WORK INSTRUCTION: Starting at the line that contains "Nome do produto: Creepshow" and stopping at the line that contains "Maison en bois", restate each line of the records below exactly. Omit the pictures.

SUPPLIED RECORDS:
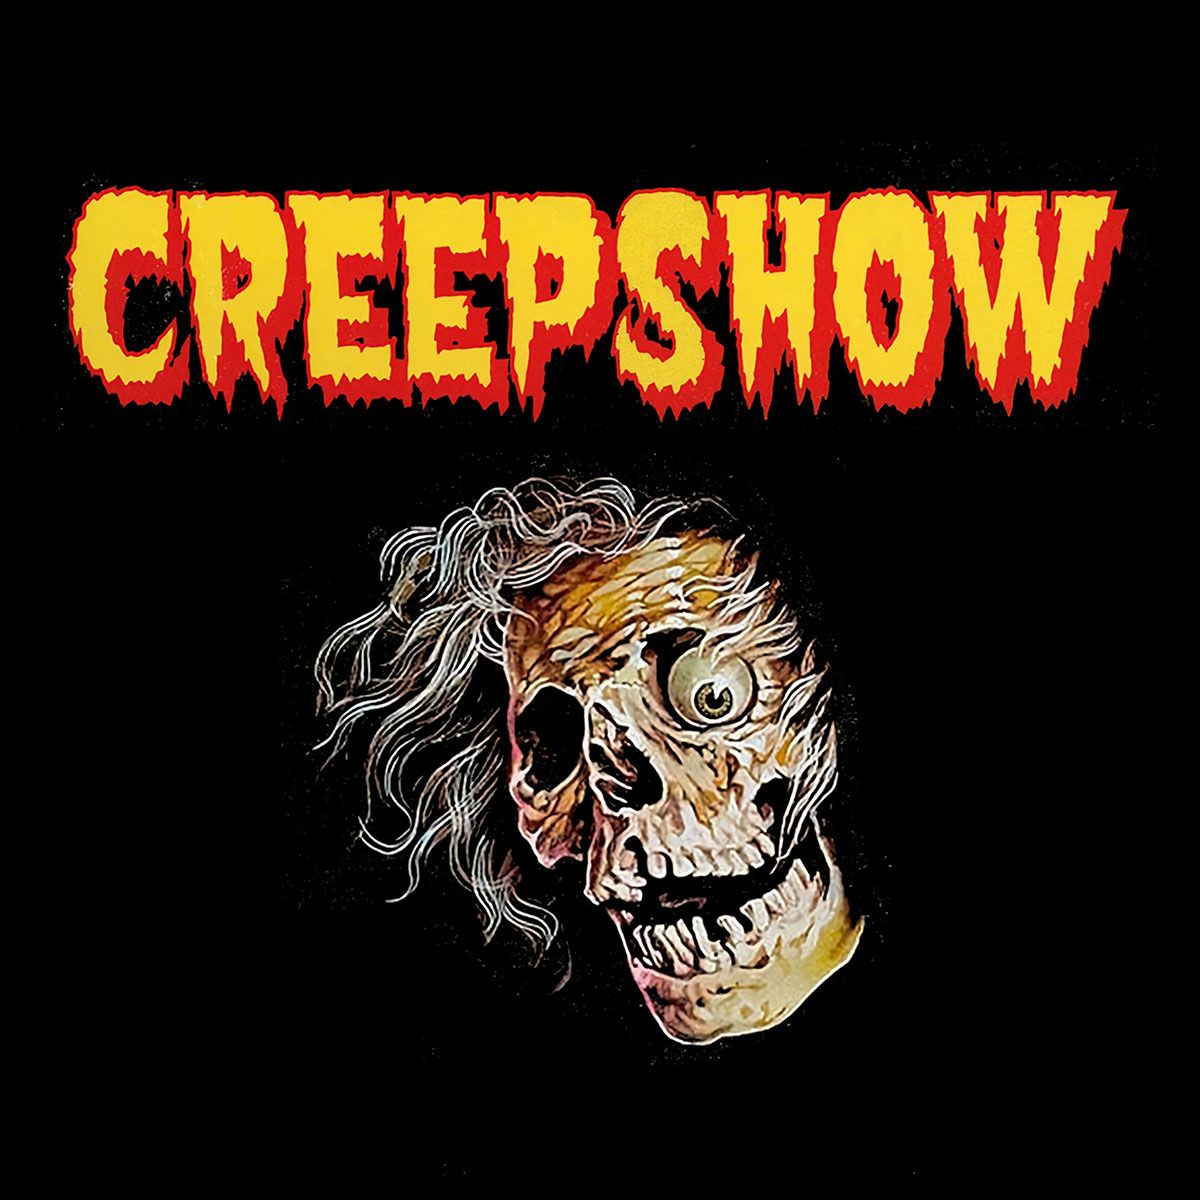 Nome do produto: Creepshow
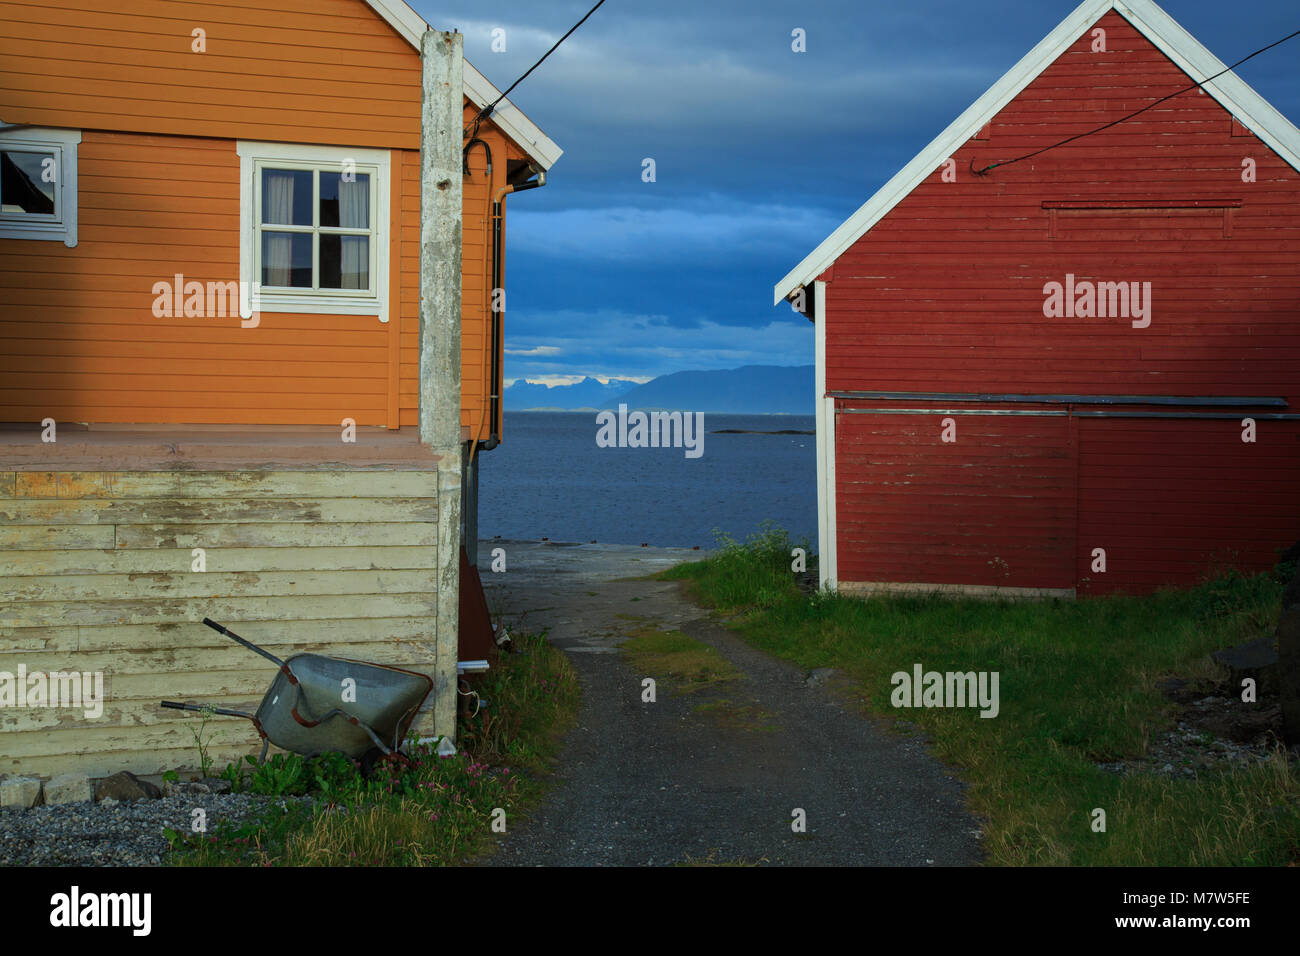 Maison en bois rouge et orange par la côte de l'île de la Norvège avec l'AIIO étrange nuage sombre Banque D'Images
...
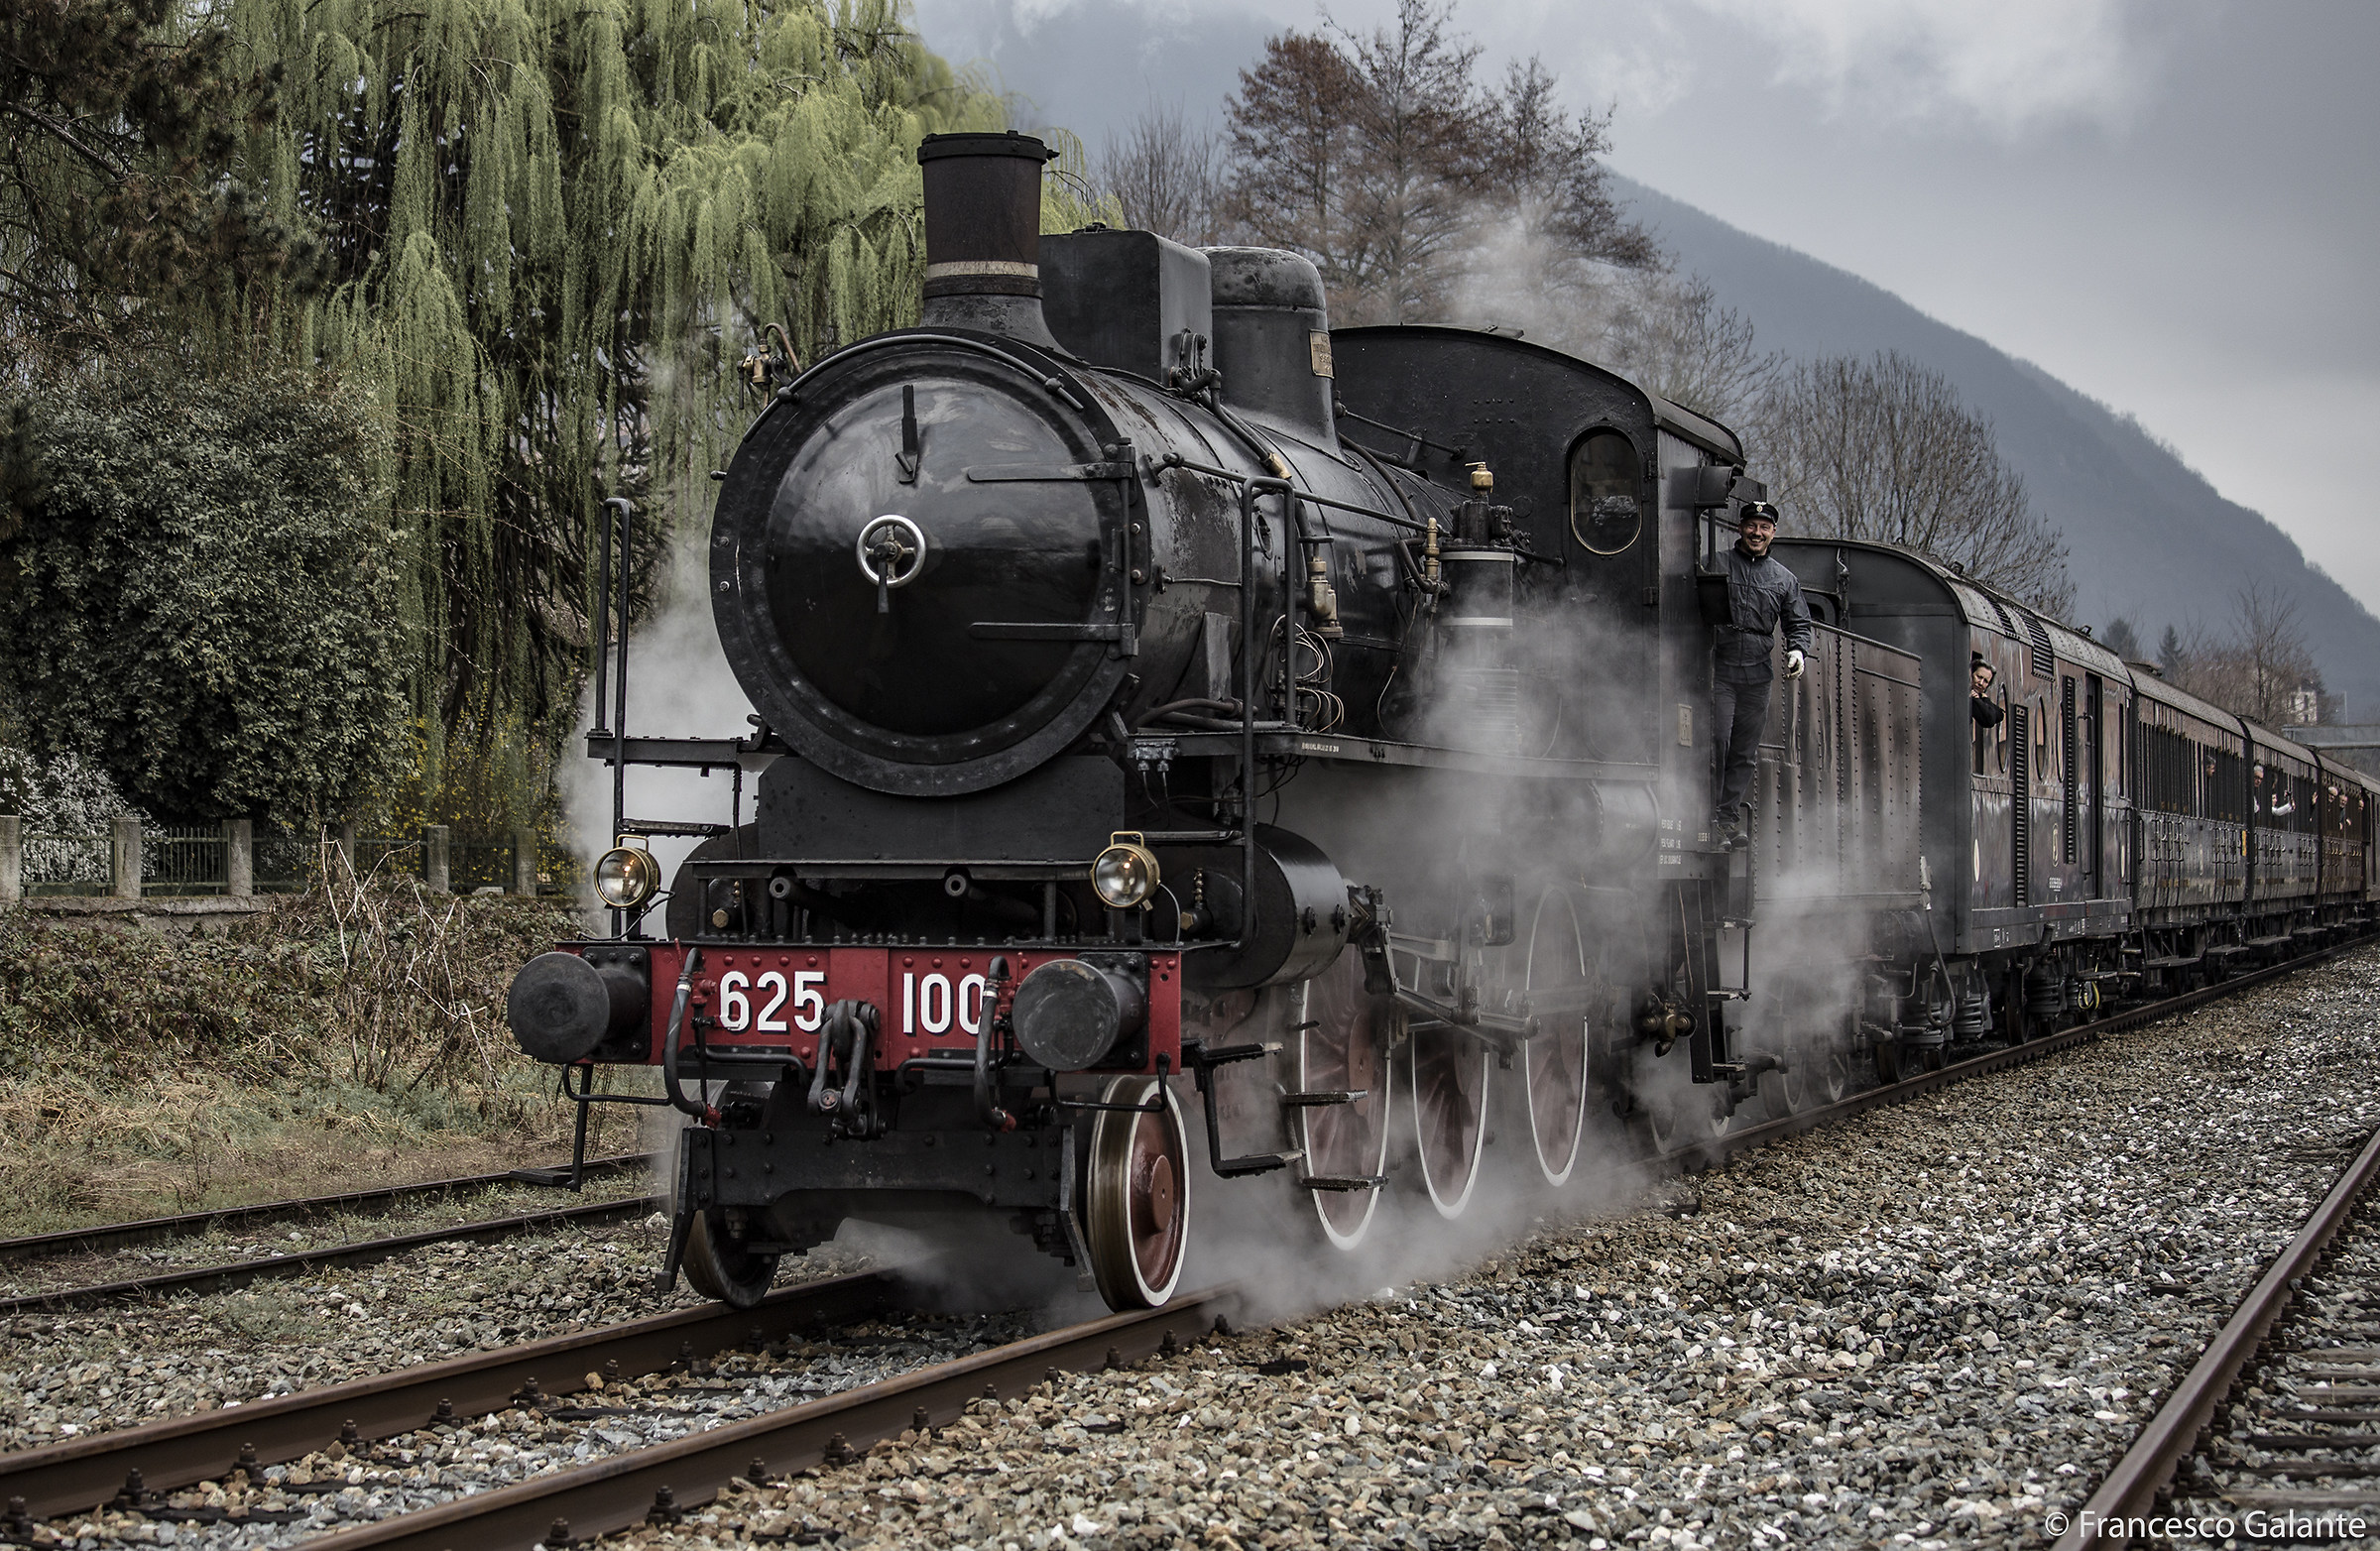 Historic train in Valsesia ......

WORKED SOLUTION:
 Nome do produto: Creepshow
 Maison en bois rouge et orange par la côte de l'île de la Norvège avec l'AIIO étrange nuage sombre Banque D'Images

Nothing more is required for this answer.